**Recorded data**.
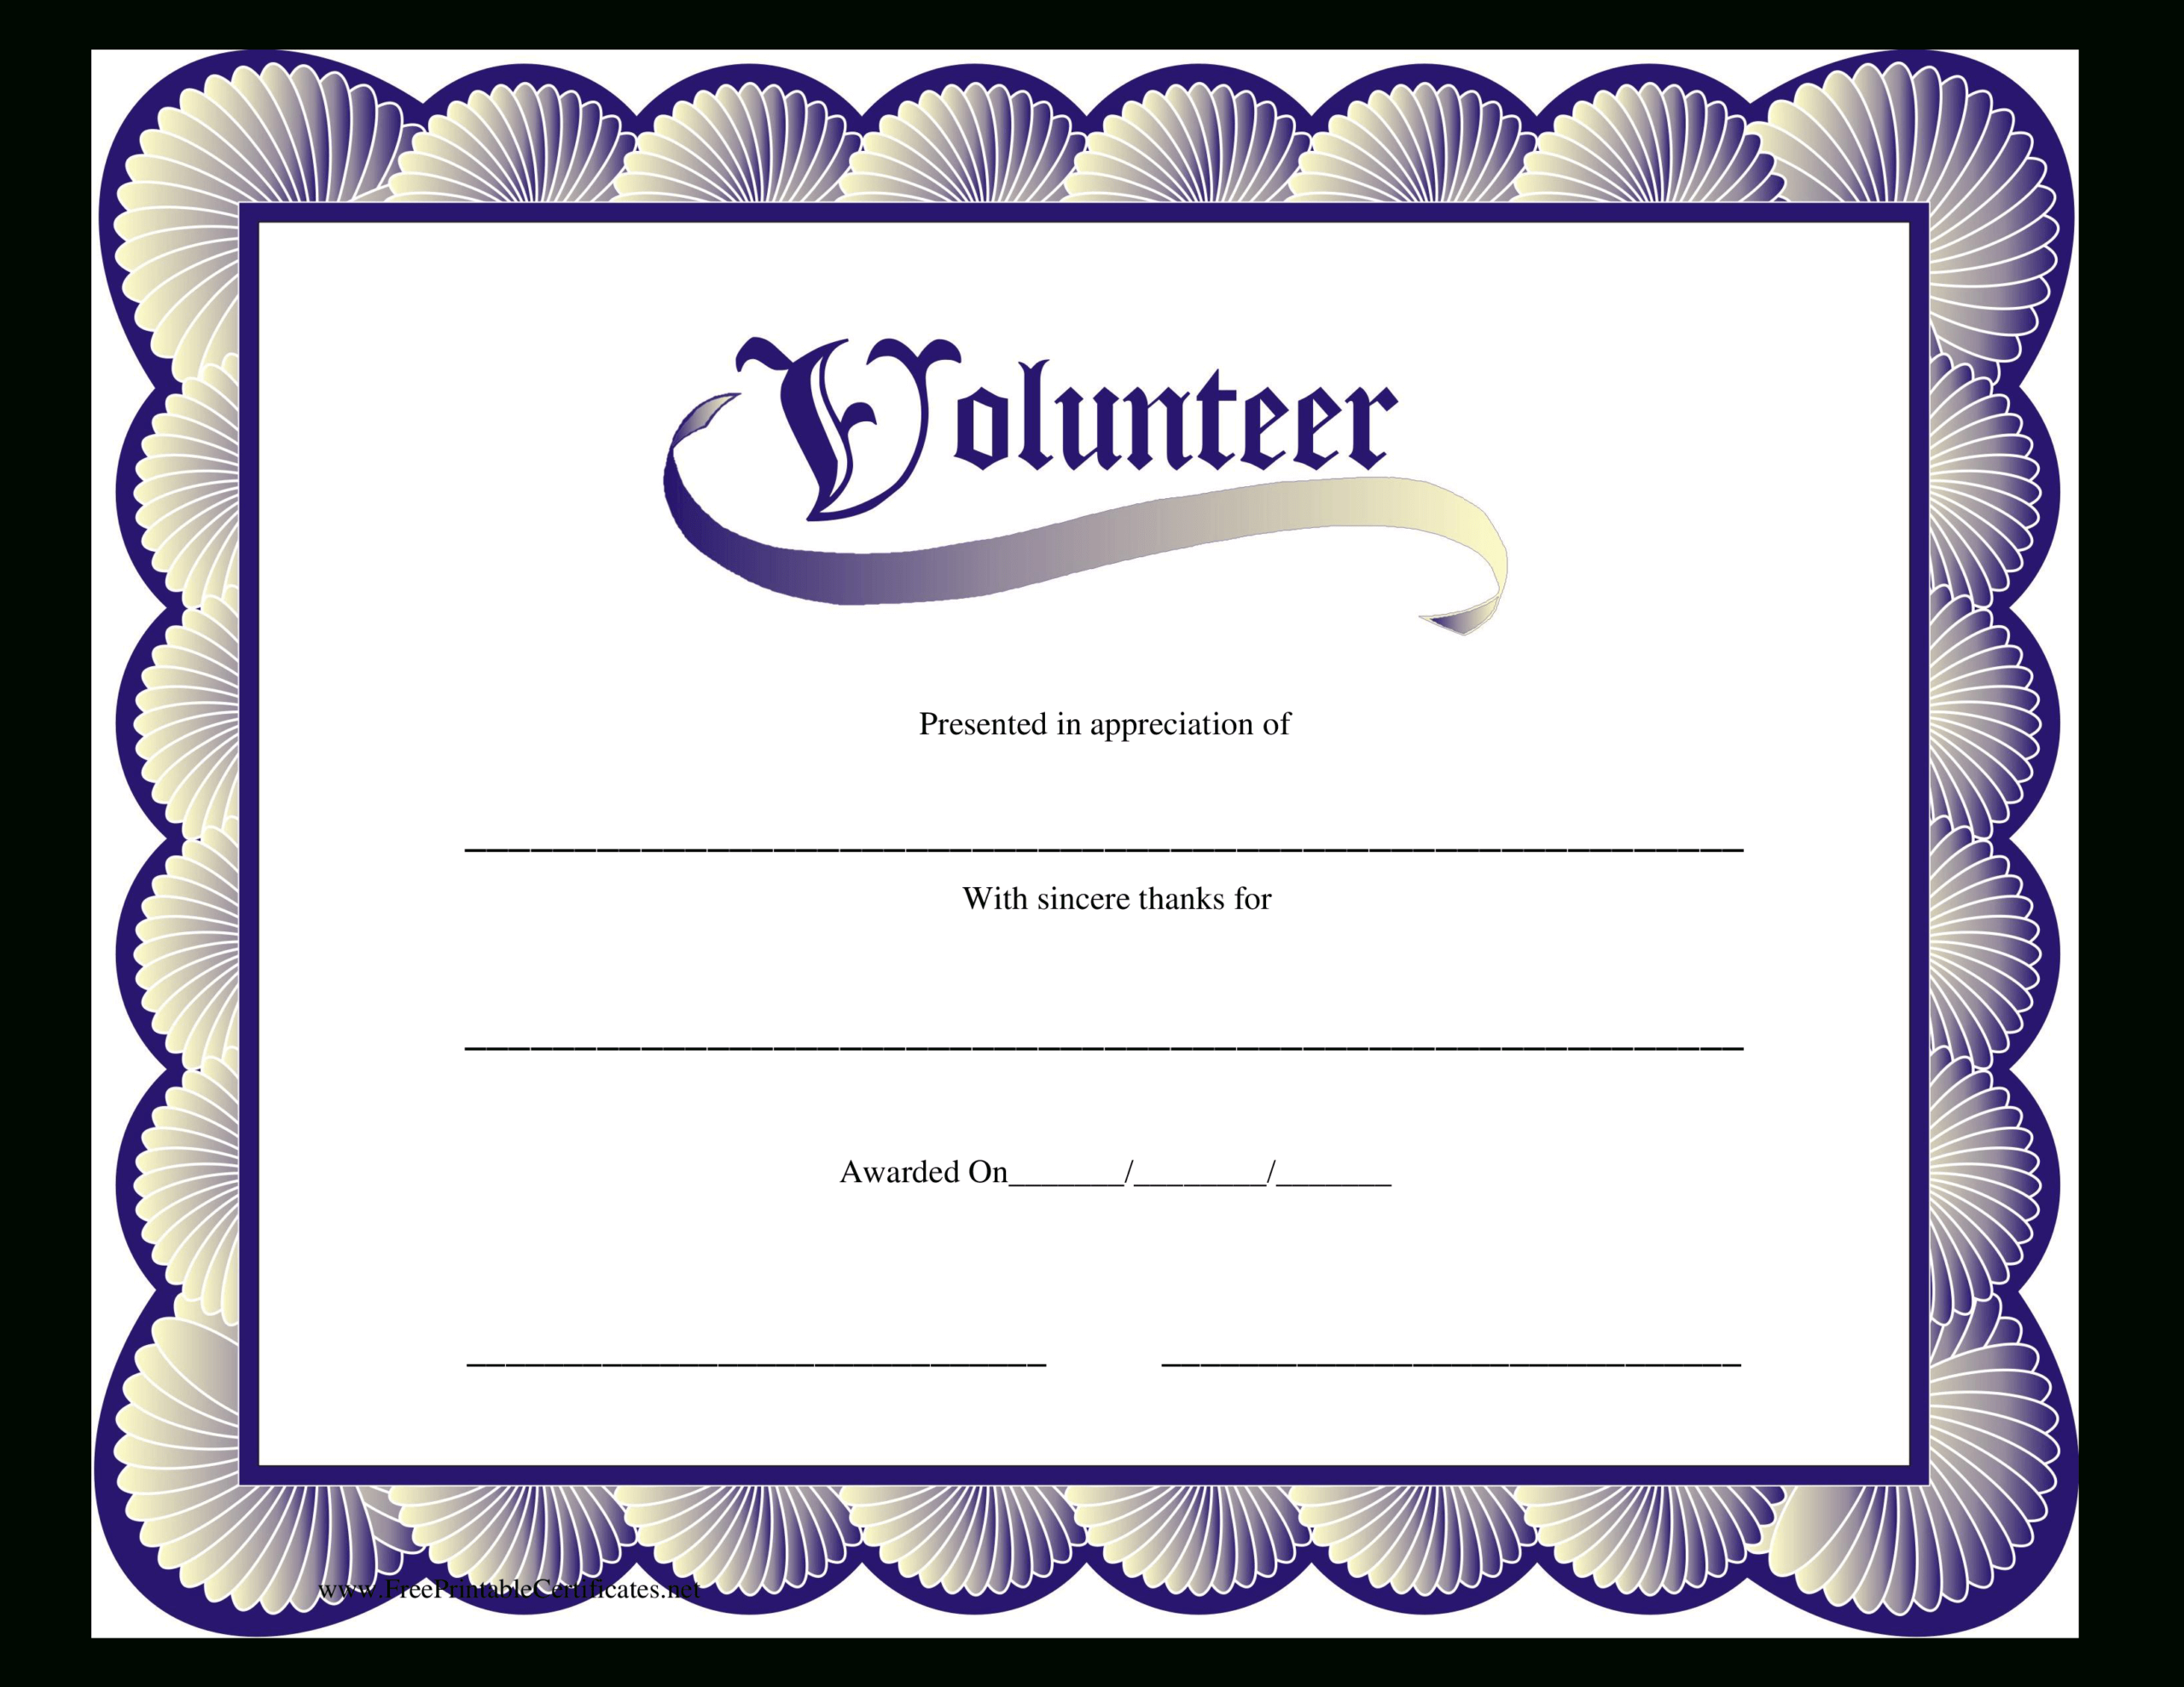 Volunteer Certificate | Templates At Allbusinesstemplates Within Volunteer Of The Year Certificate Template
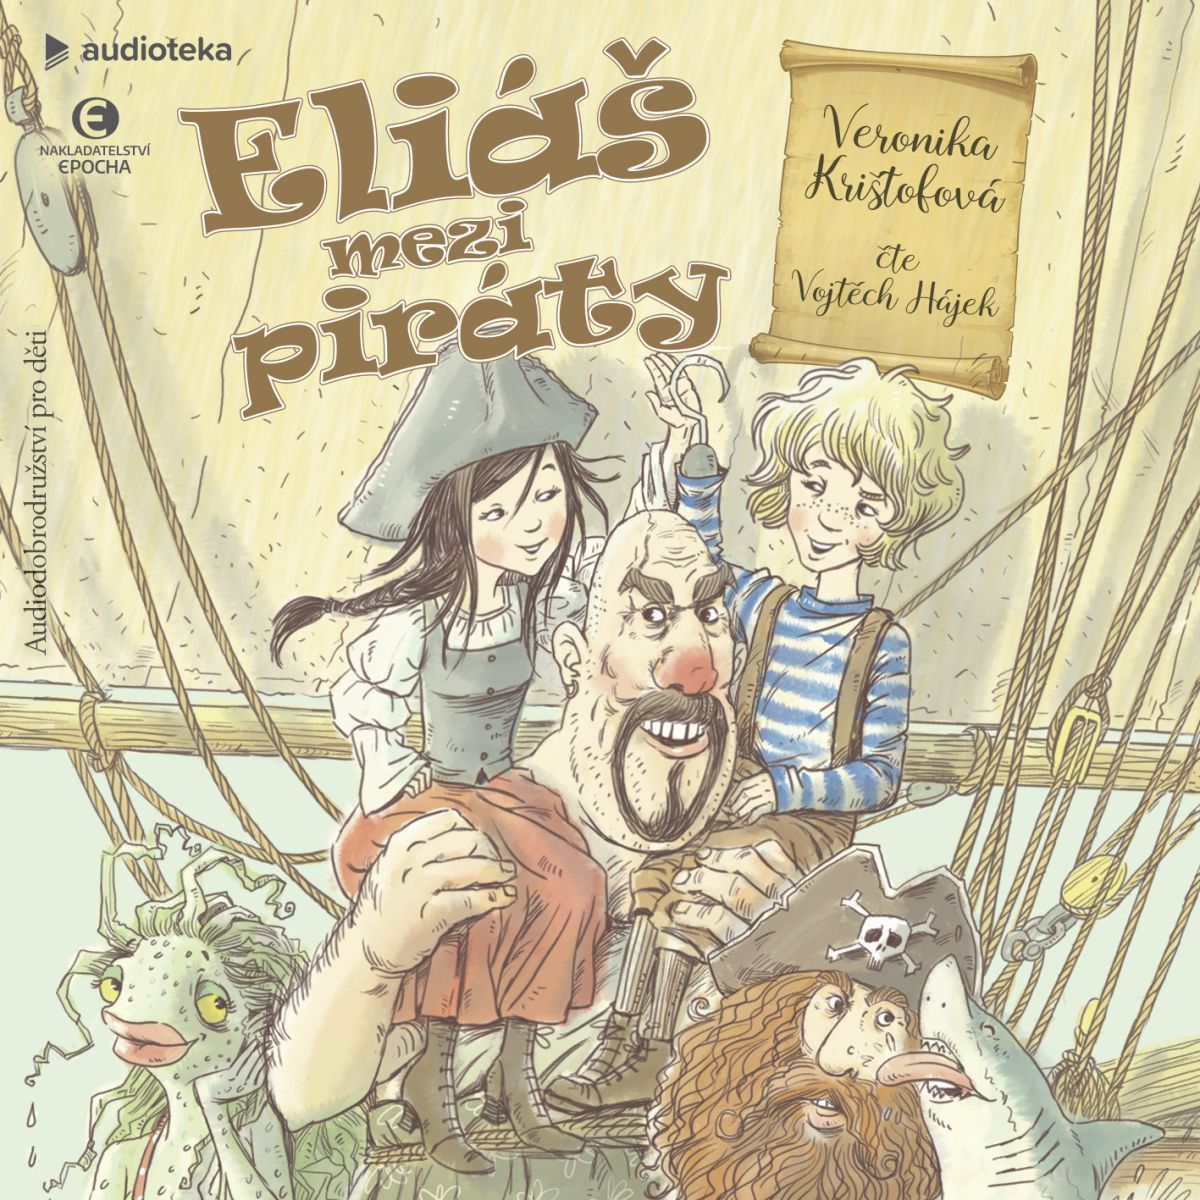 Elias_mezi_piraty_COVER_01
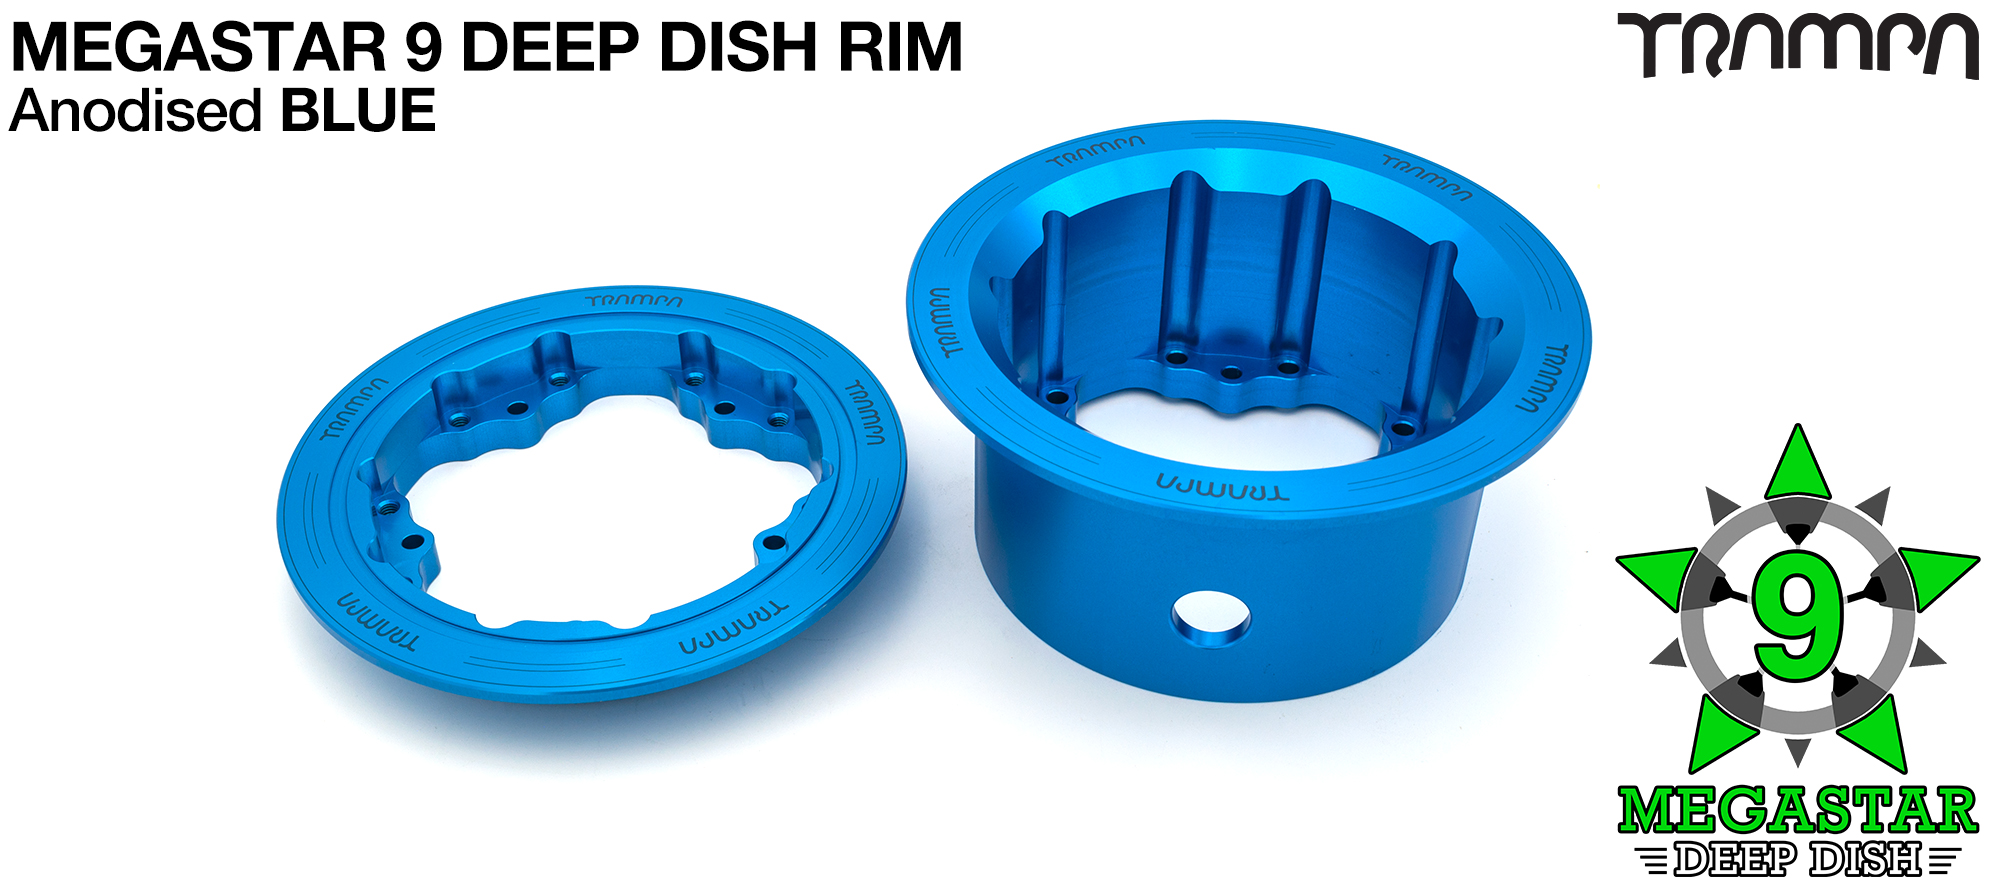 DEEP-DISH MEGASTAR 9 Rims on the REAR - BLUE

**What to do**. Copy out the data exactly and keep the pictures out.

**Task response**.
 Volunteer Certificate | Templates At Allbusinesstemplates Within Volunteer Of The Year Certificate Template
 Elias_mezi_piraty_COVER_01
 DEEP-DISH MEGASTAR 9 Rims on the REAR - BLUE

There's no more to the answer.